WORK INSTRUCTIONS — Taking the data below, please print only the lines from the line holding "szampon schwarzkopf miod" to the line holding "Impression sur horloge", inclusive, with pictures omitted.

DATA FOR ANALYSIS: Begin

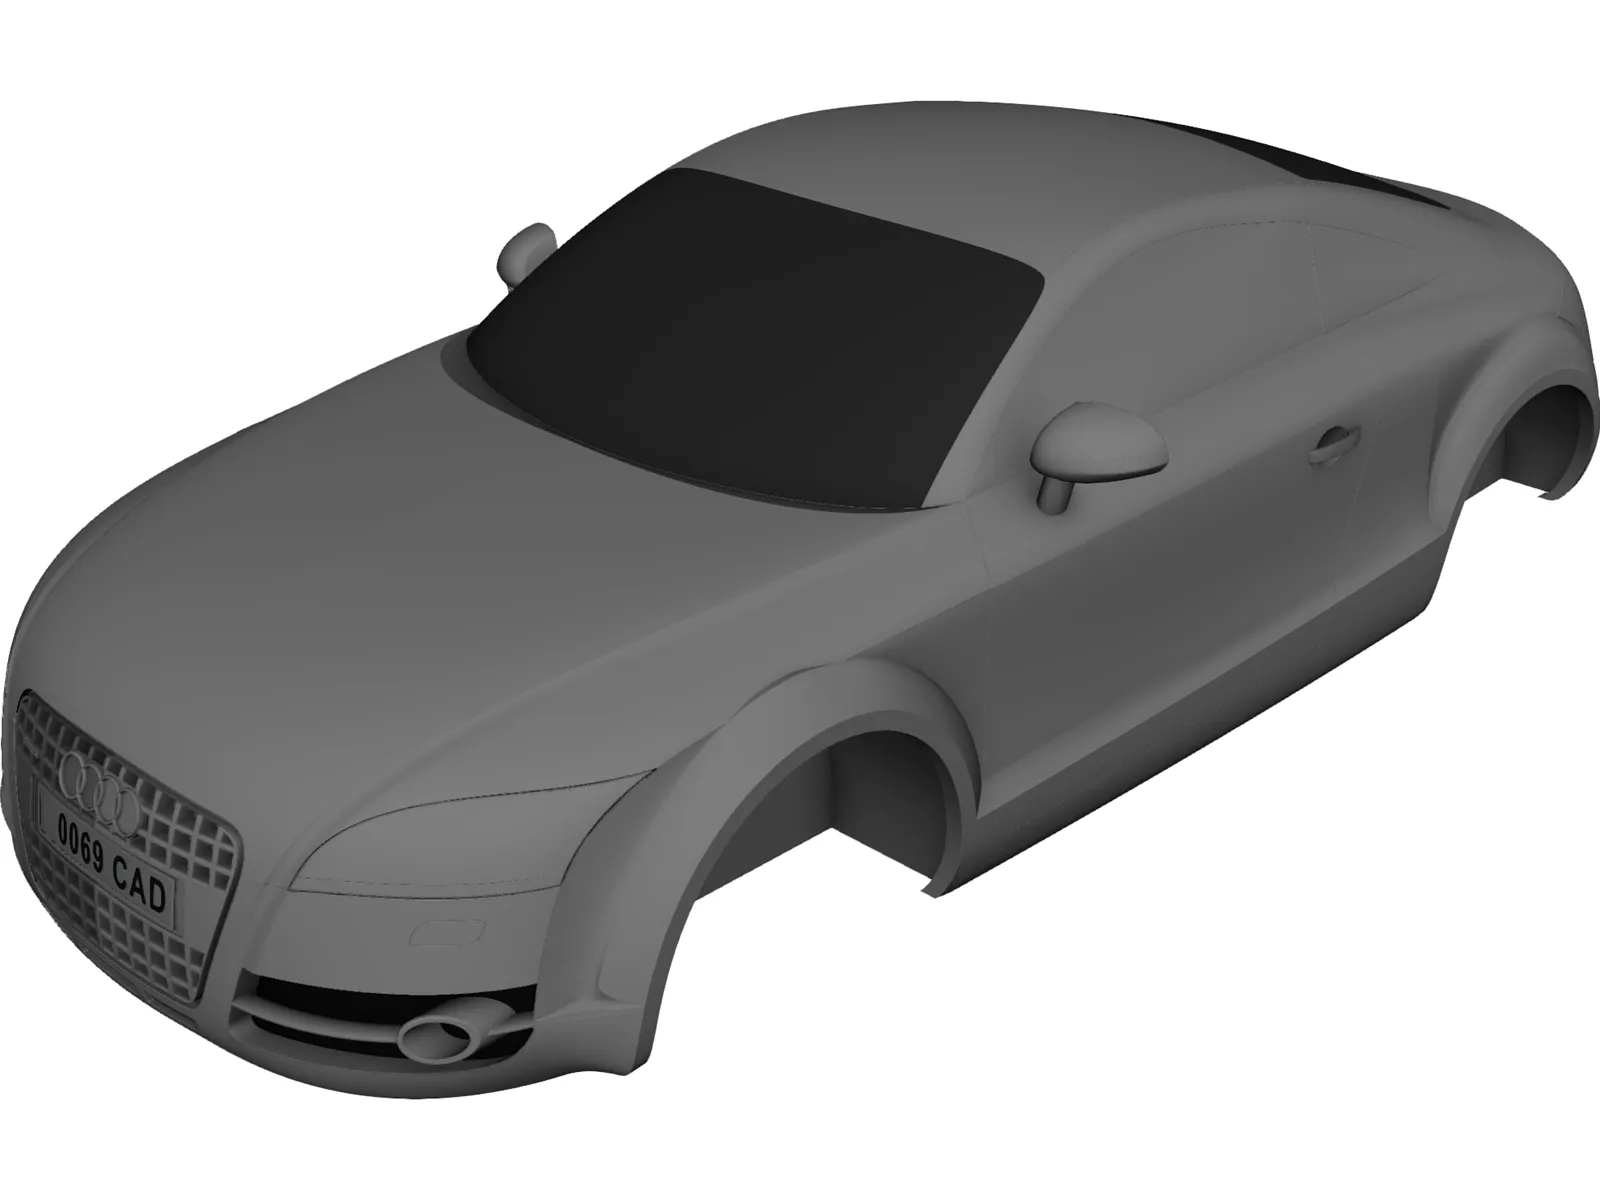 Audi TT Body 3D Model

DATA FOR ANALYSIS: End
DATA FOR ANALYSIS: Begin

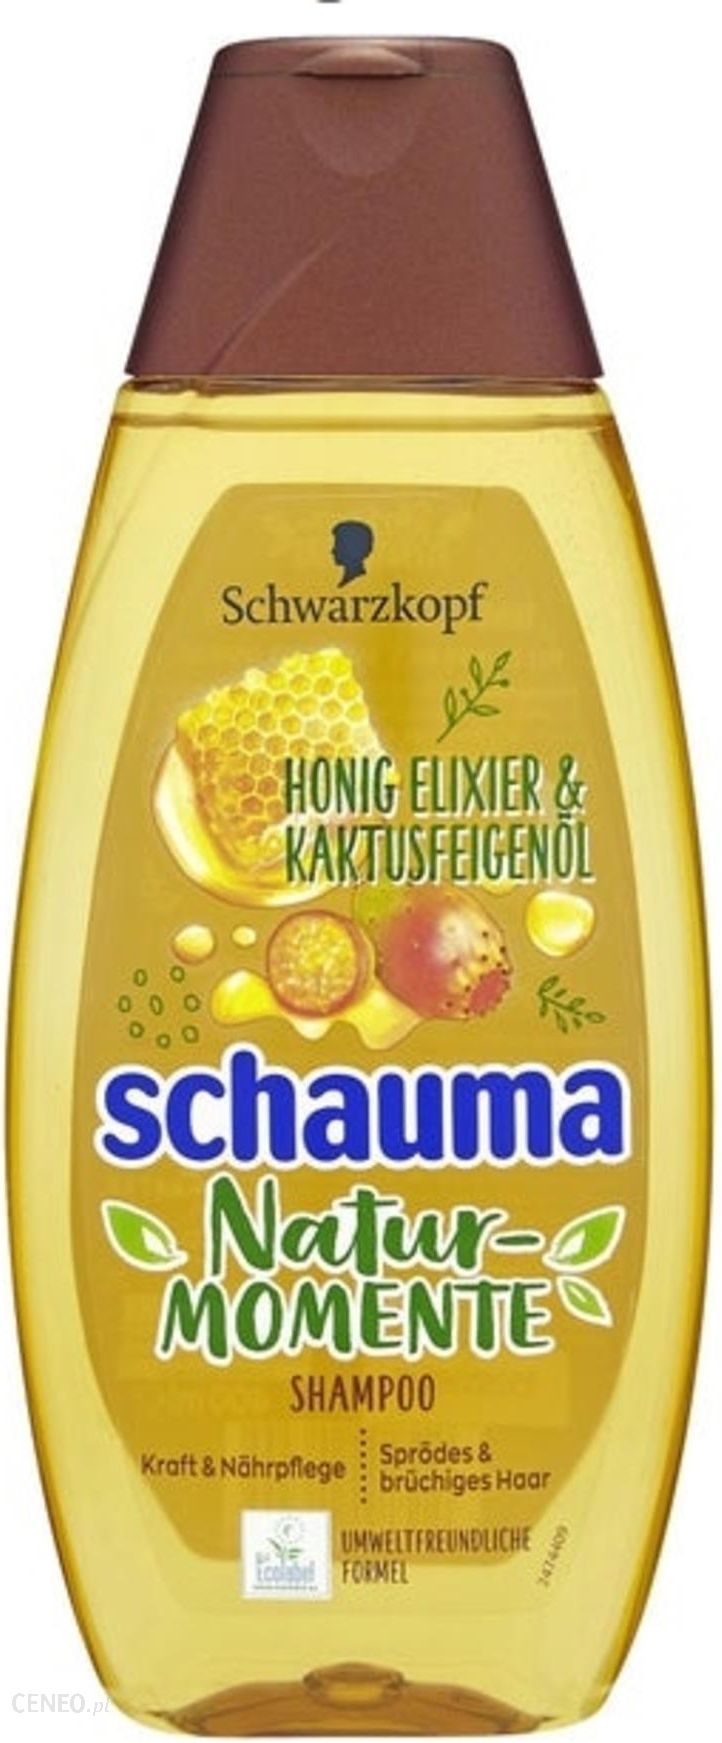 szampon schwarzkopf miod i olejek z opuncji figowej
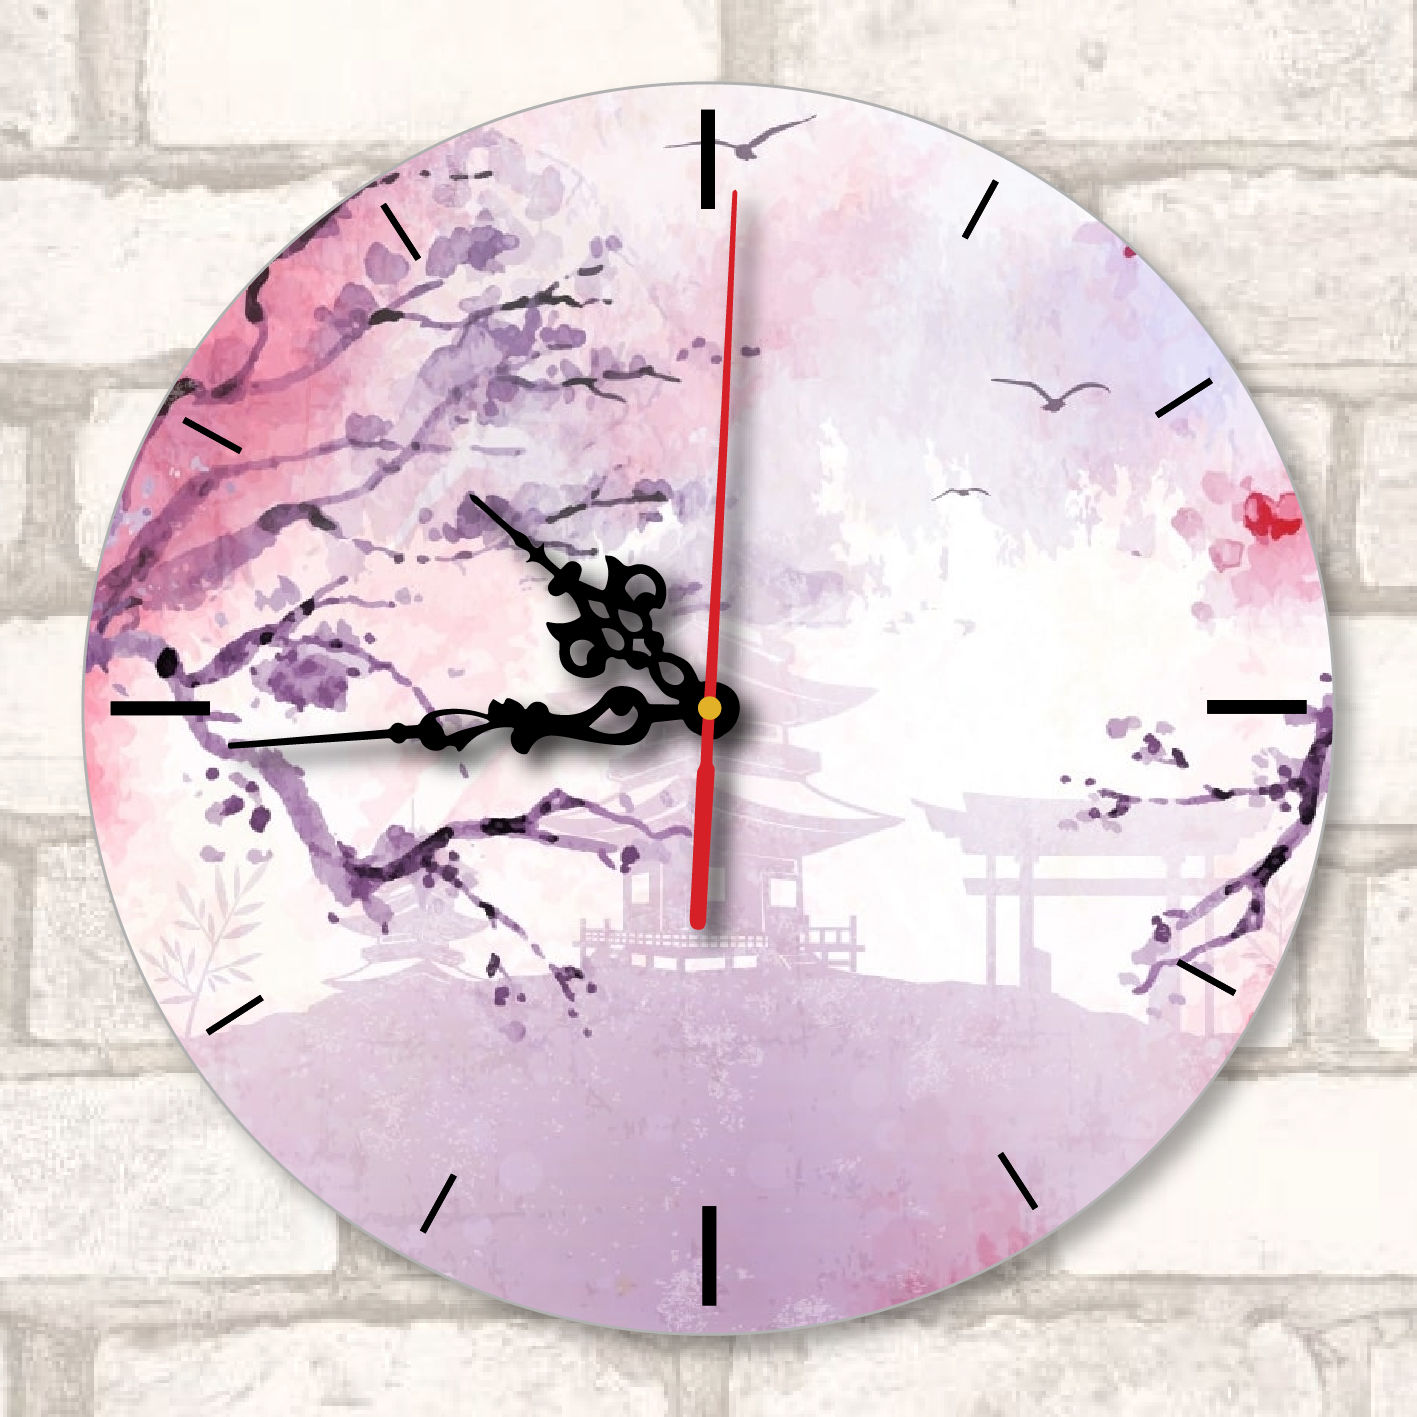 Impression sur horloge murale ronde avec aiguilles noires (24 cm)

DATA FOR ANALYSIS: End

EXERCISE SOLUTION —
 szampon schwarzkopf miod i olejek z opuncji figowej
 Impression sur horloge murale ronde avec aiguilles noires (24 cm)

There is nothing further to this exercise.